◆ **About this exercise**:
Return the full listing character for character, without its pictures.
(Dataset section begins)
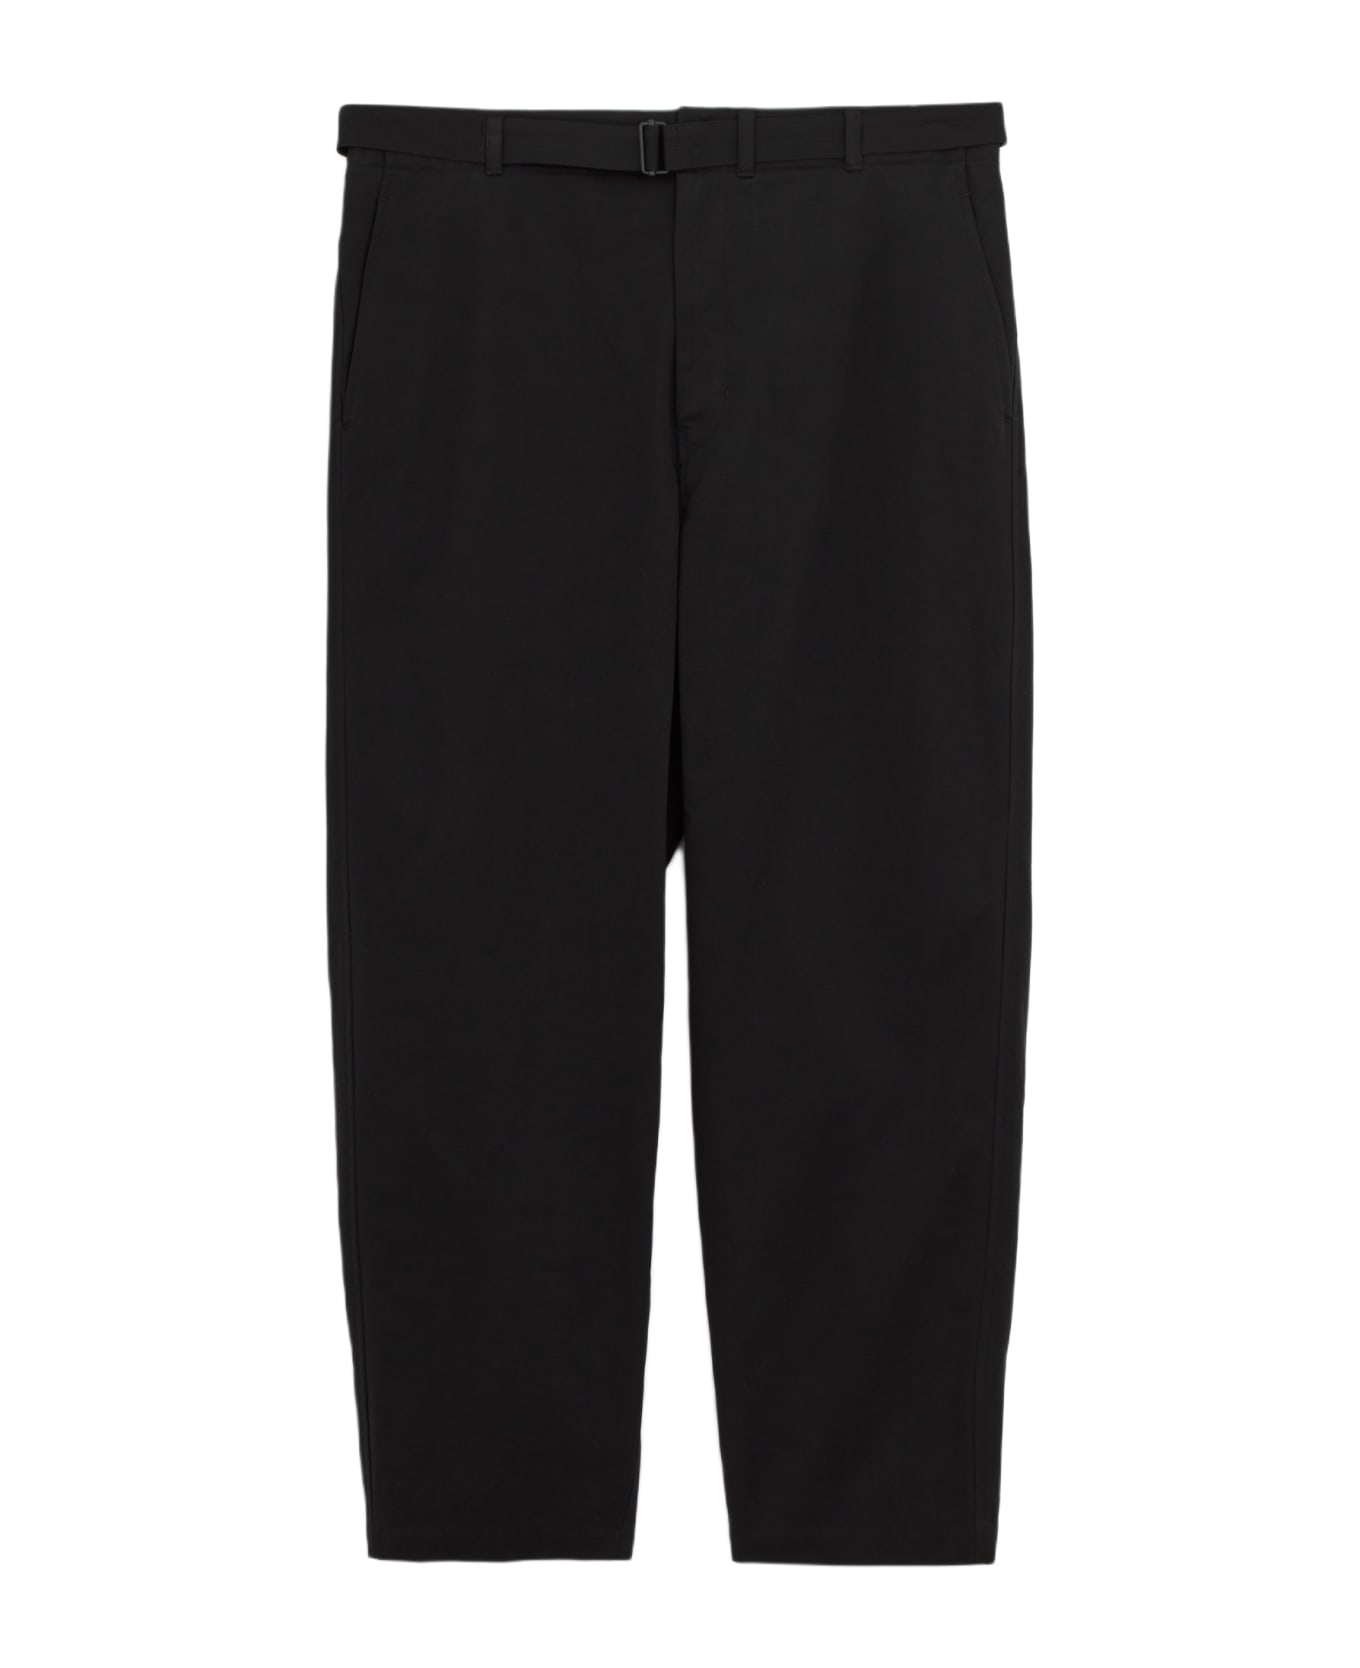 Lemaire Belted Carrot Pants - black ボトムス
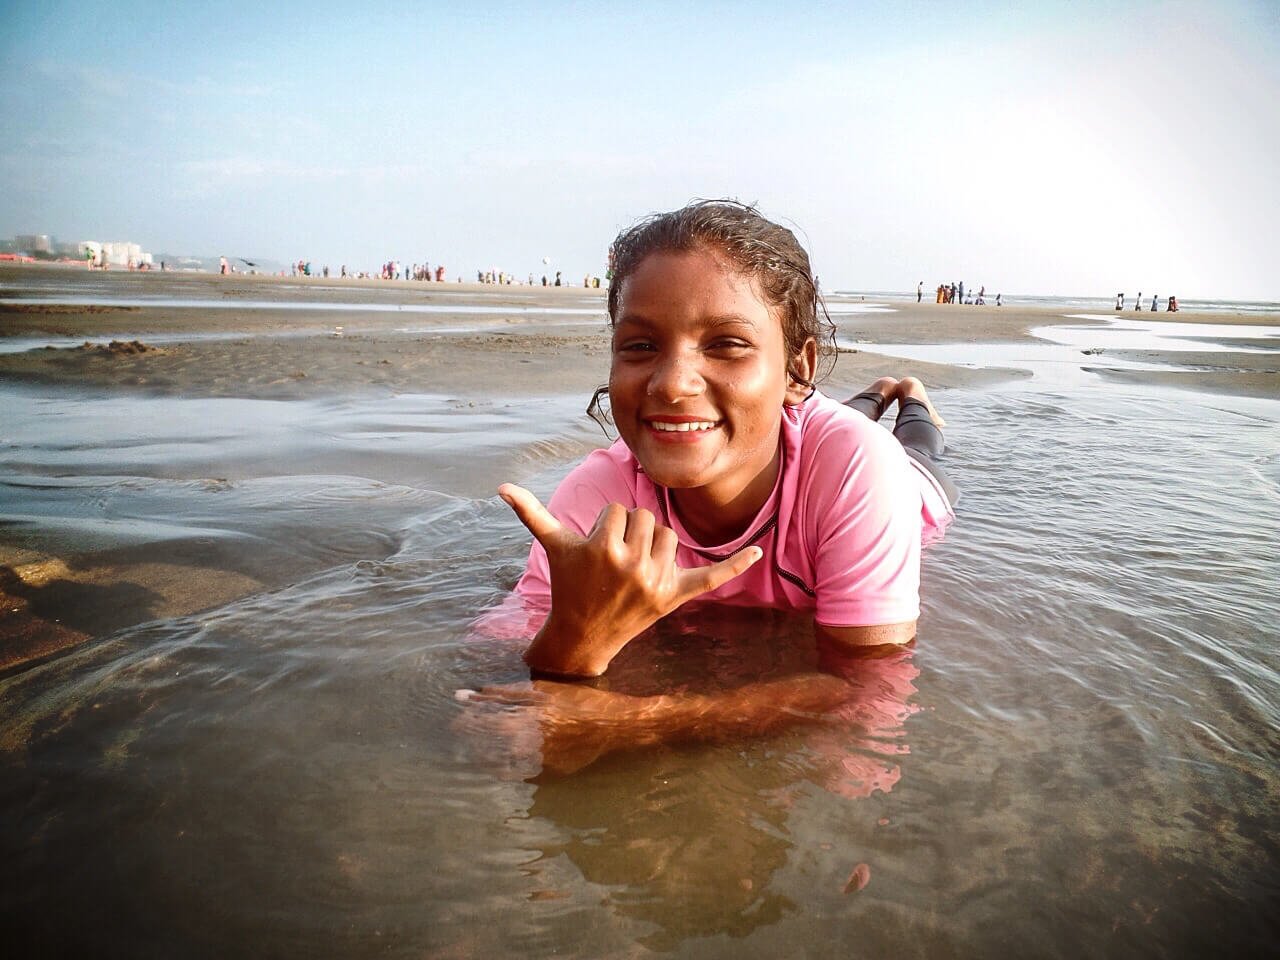 Still from Bangla Surf Girls. A young girl is lying on the seashore, she is smiling at the camera and is partly being covered by the ocean.
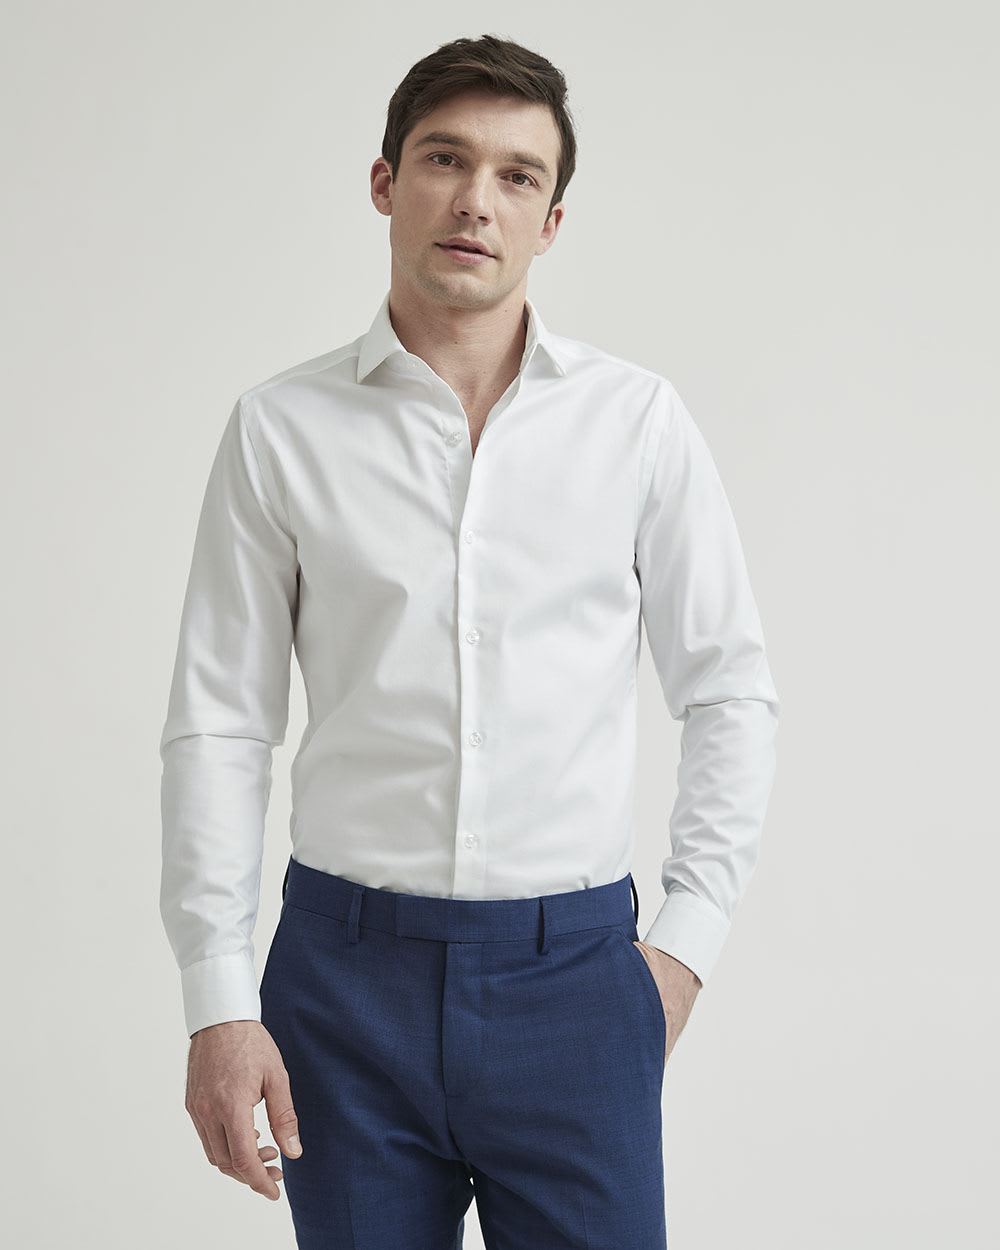 Slim fit dress shirt with wide spread collar
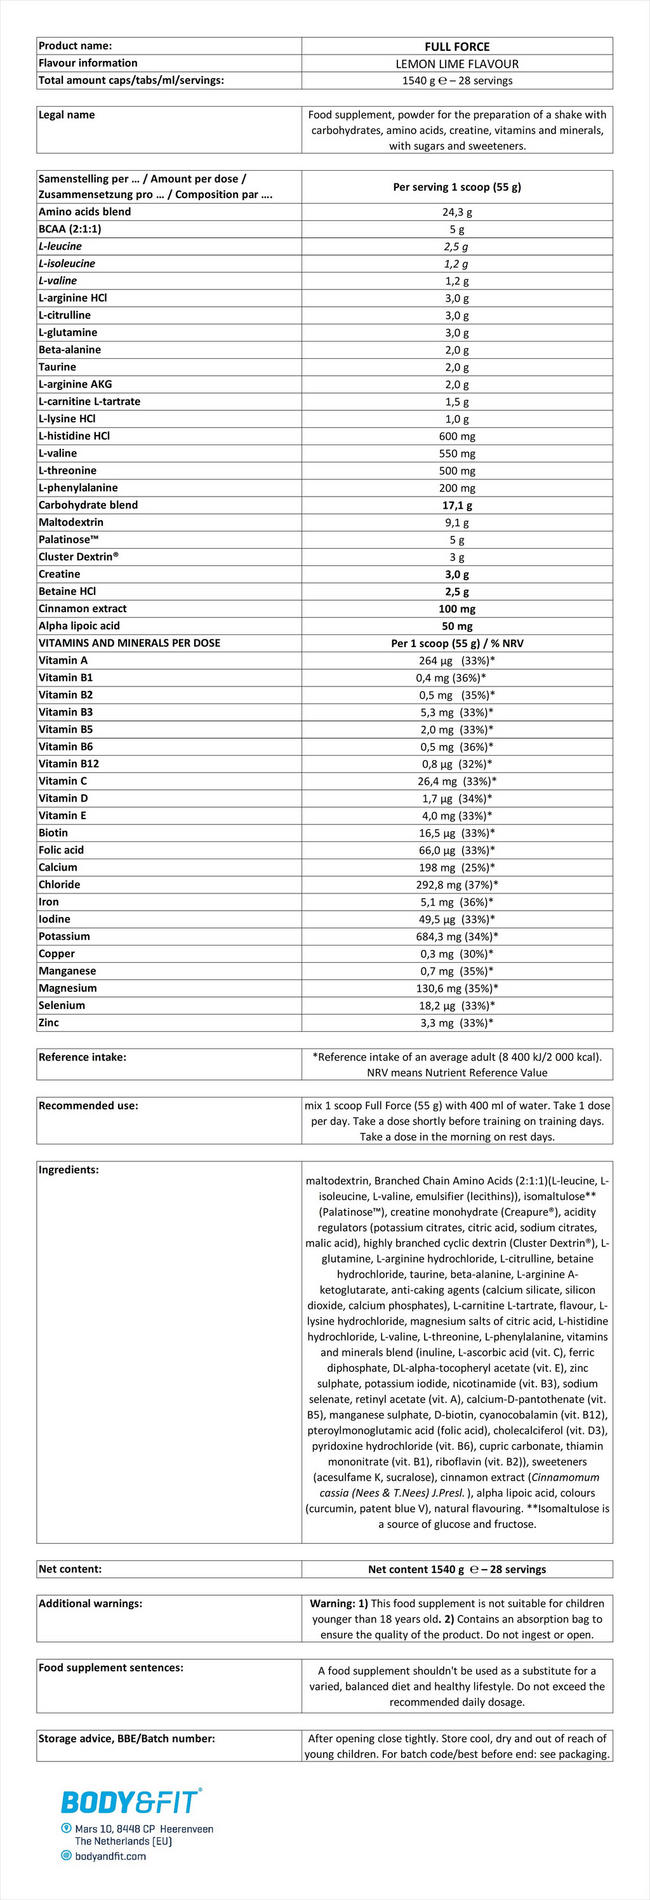 Full Force Nutritional Information 1
(Dataset section ends)
◆ **The completed task**:
 Lemaire Belted Carrot Pants - black ボトムス
 Still from Bangla Surf Girls. A young girl is lying on the seashore, she is smiling at the camera and is partly being covered by the ocean.
 Slim fit dress shirt with wide spread collar
 Full Force Nutritional Information 1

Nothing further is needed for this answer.